Start of Stored data

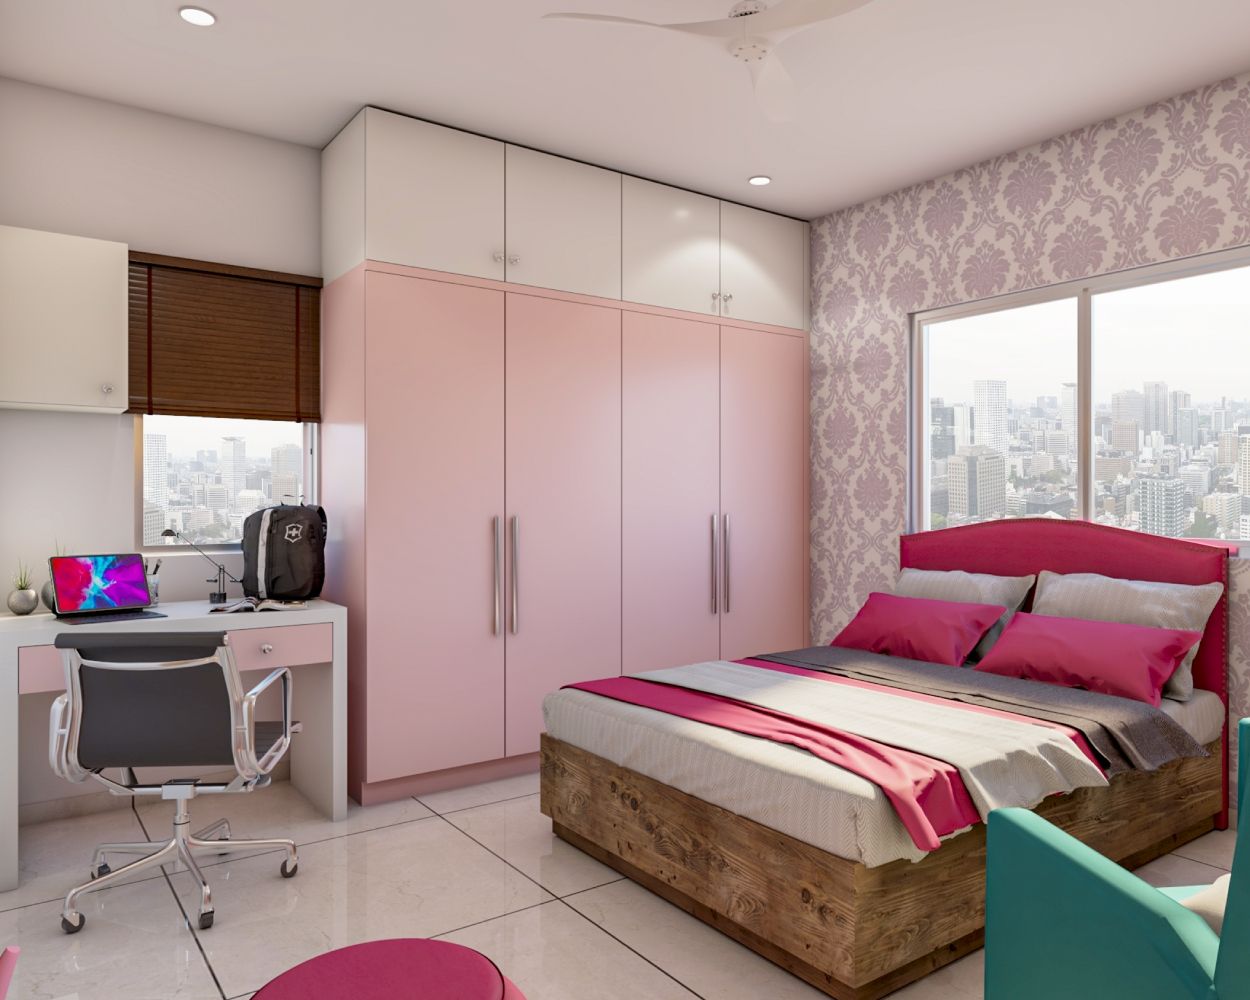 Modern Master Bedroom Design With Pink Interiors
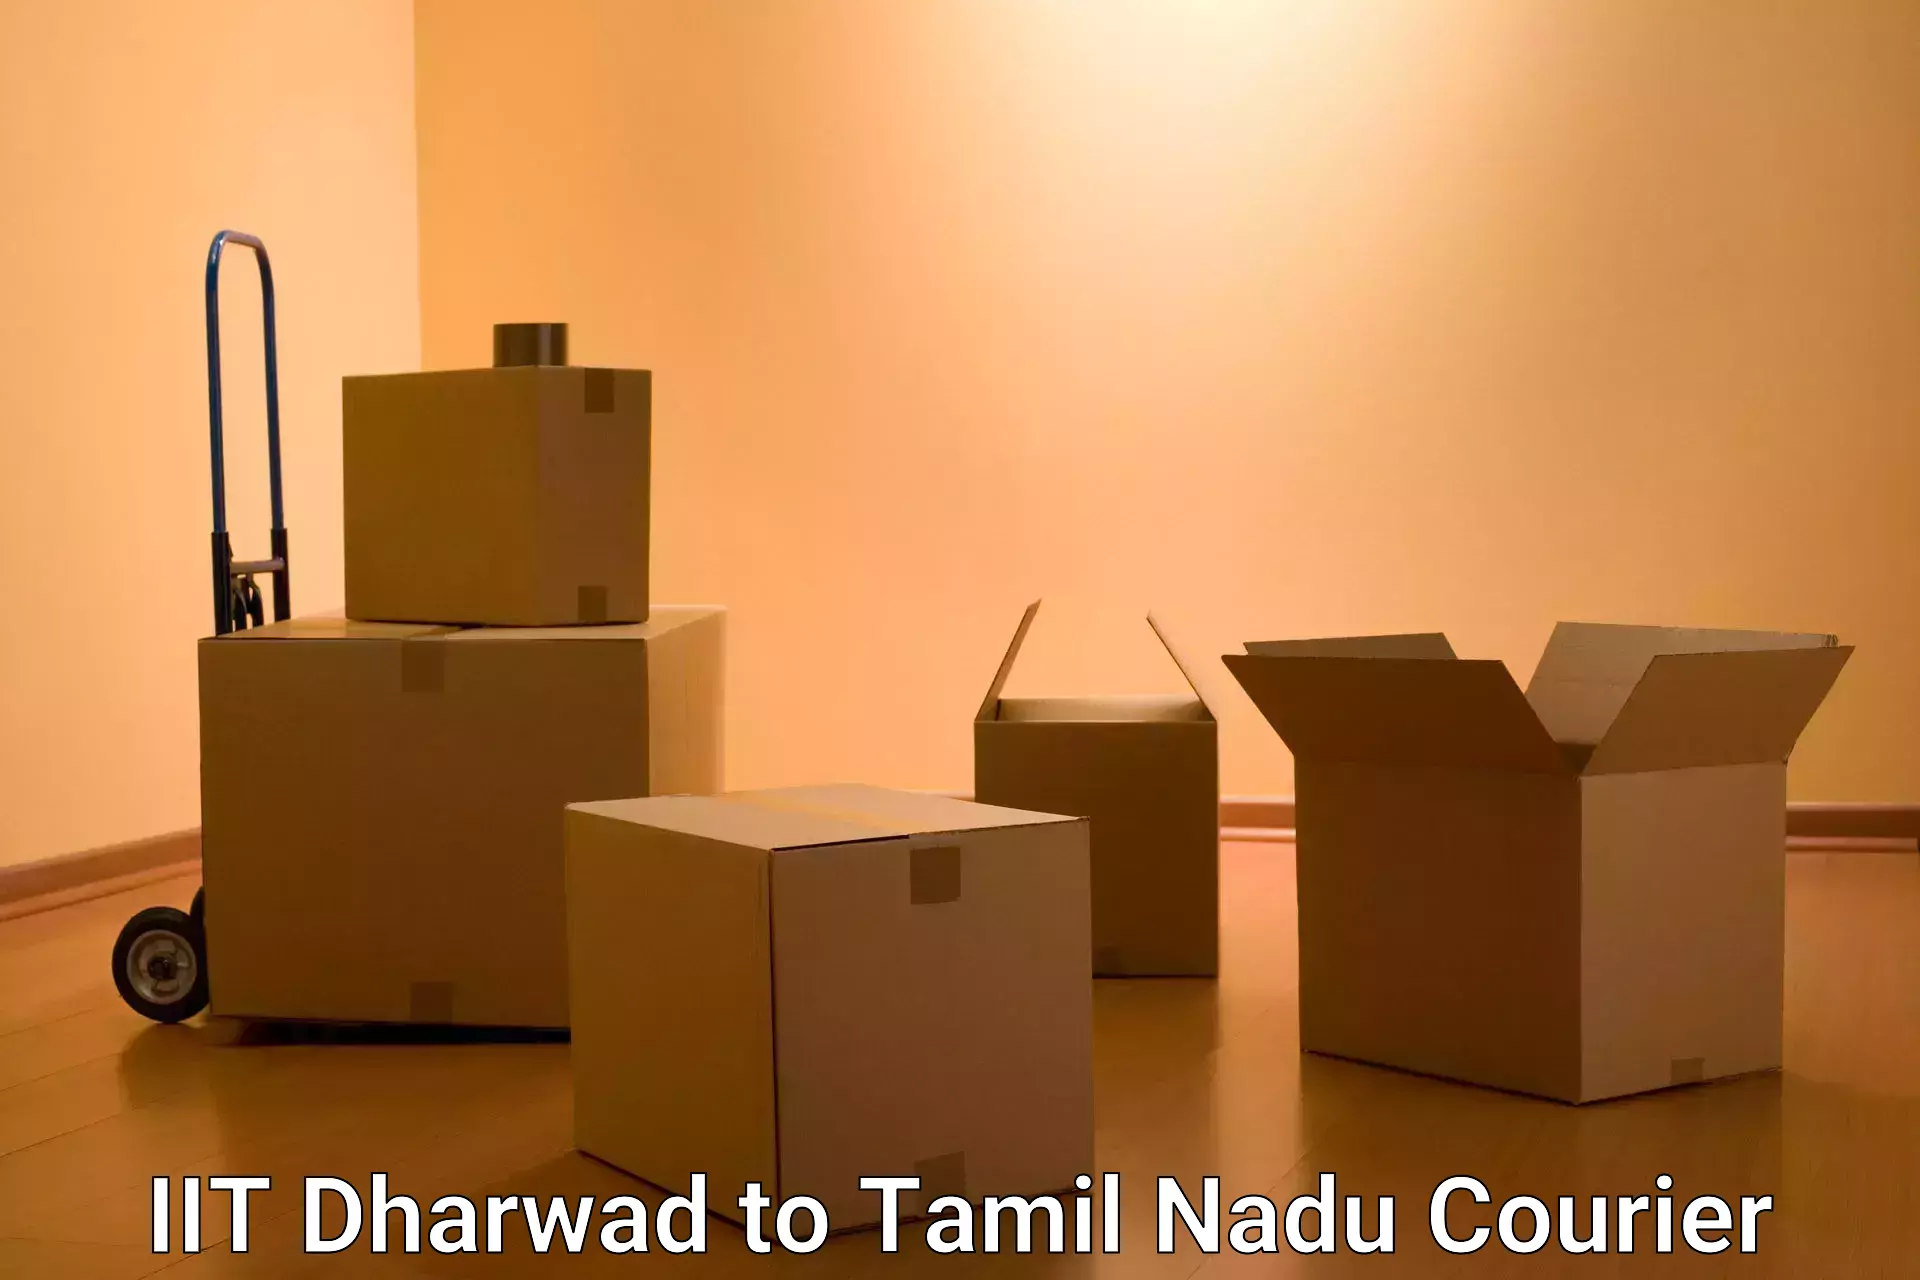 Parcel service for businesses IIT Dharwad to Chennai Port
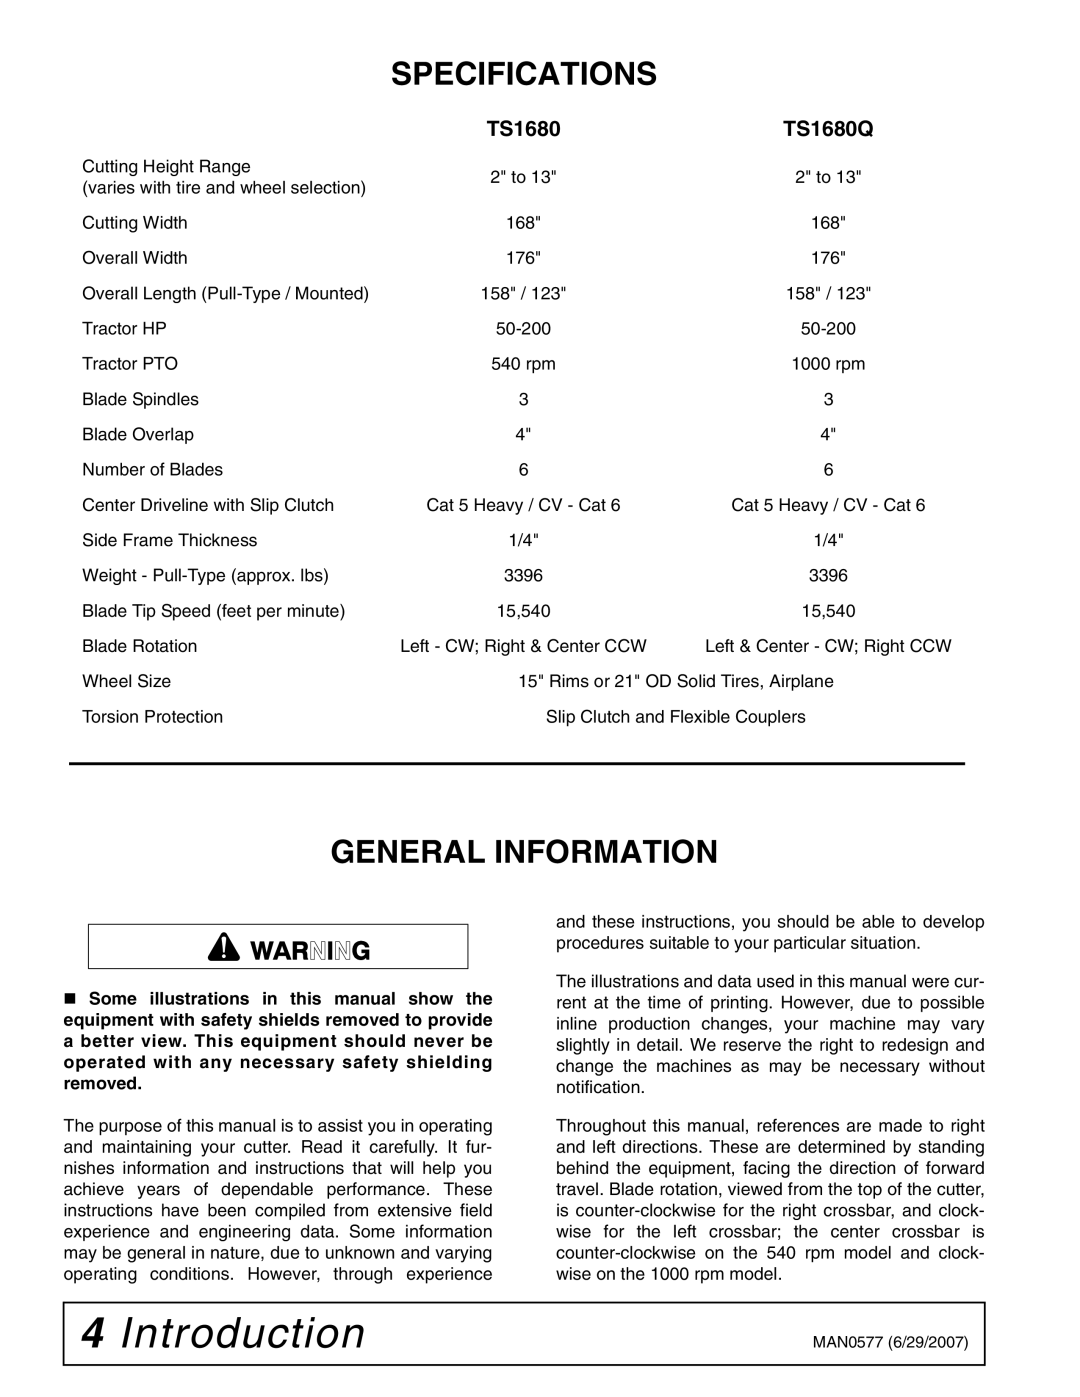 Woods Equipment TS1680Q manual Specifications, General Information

End of Stored data
Start of Stored data

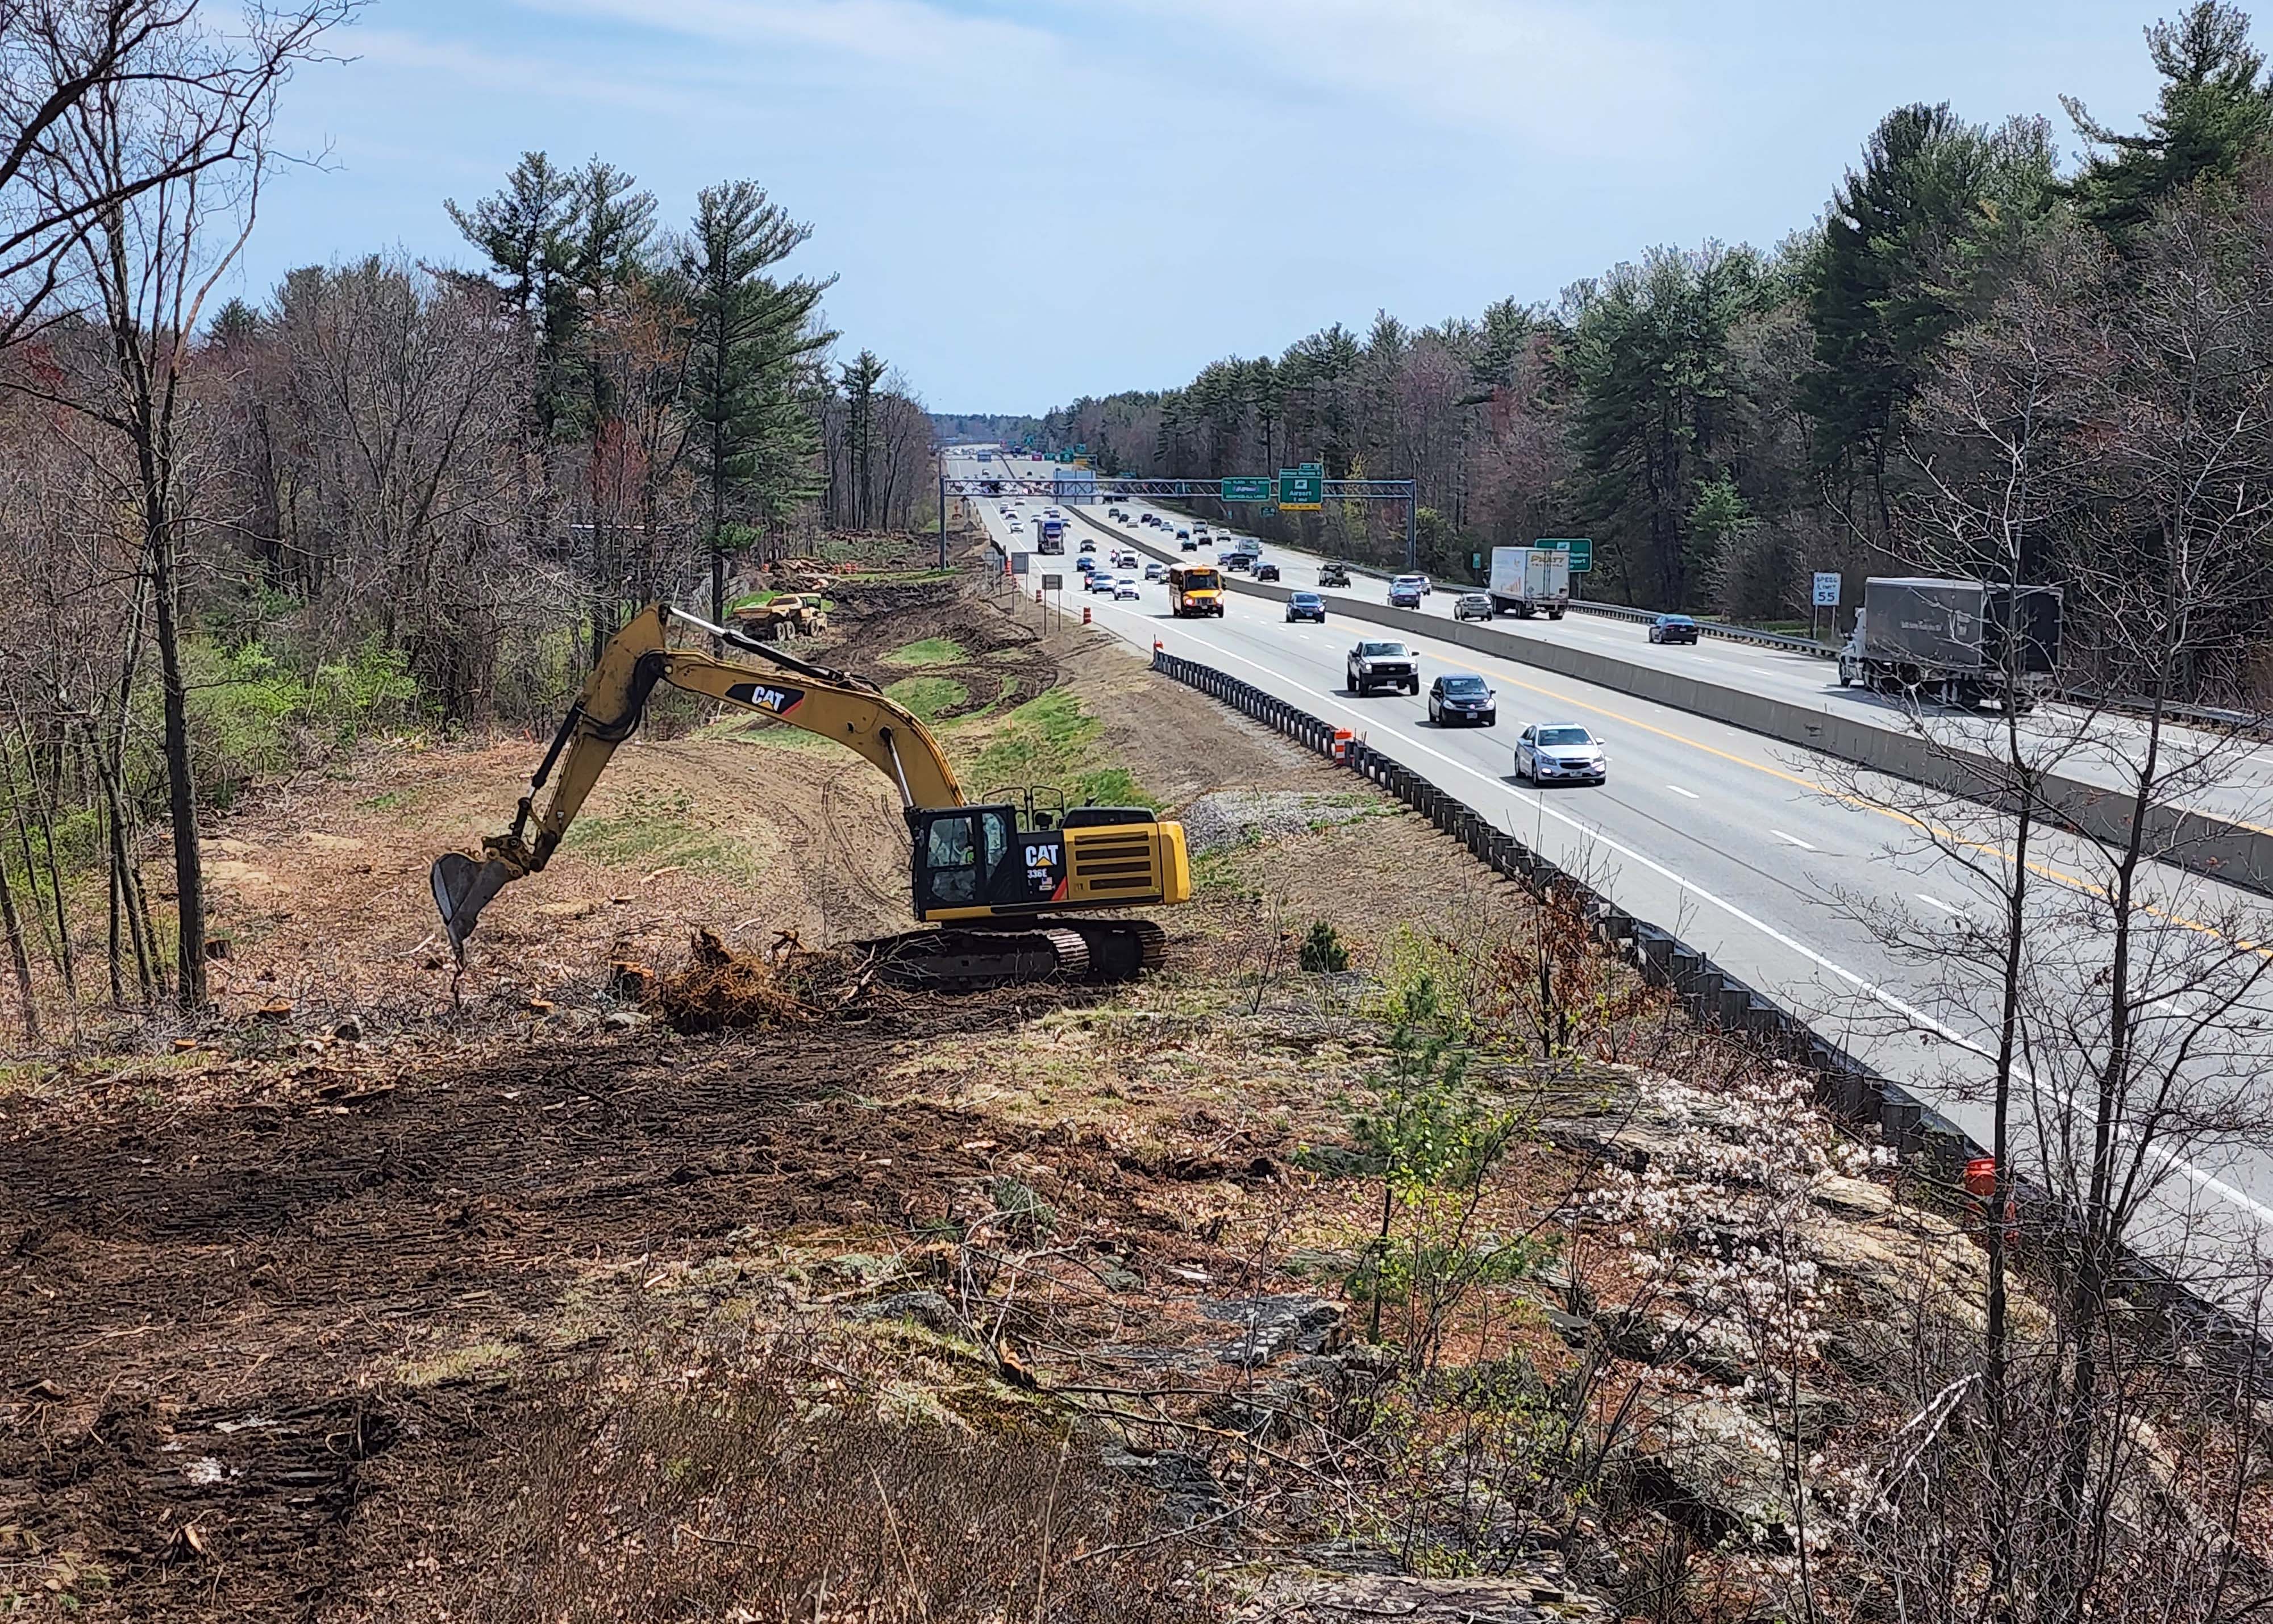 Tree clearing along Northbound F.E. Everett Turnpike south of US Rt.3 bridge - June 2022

End of Stored data

▸ Problem to work on
Using the data above, return the lines from the one holding "Modern Master Bedroom" through the one holding "Woods Equipment TS1680Q" exactly, but not the pictures.

▸ Exercise solution
 Modern Master Bedroom Design With Pink Interiors
 Parcel service for businesses IIT Dharwad to Chennai Port
 Woods Equipment TS1680Q manual Specifications, General Information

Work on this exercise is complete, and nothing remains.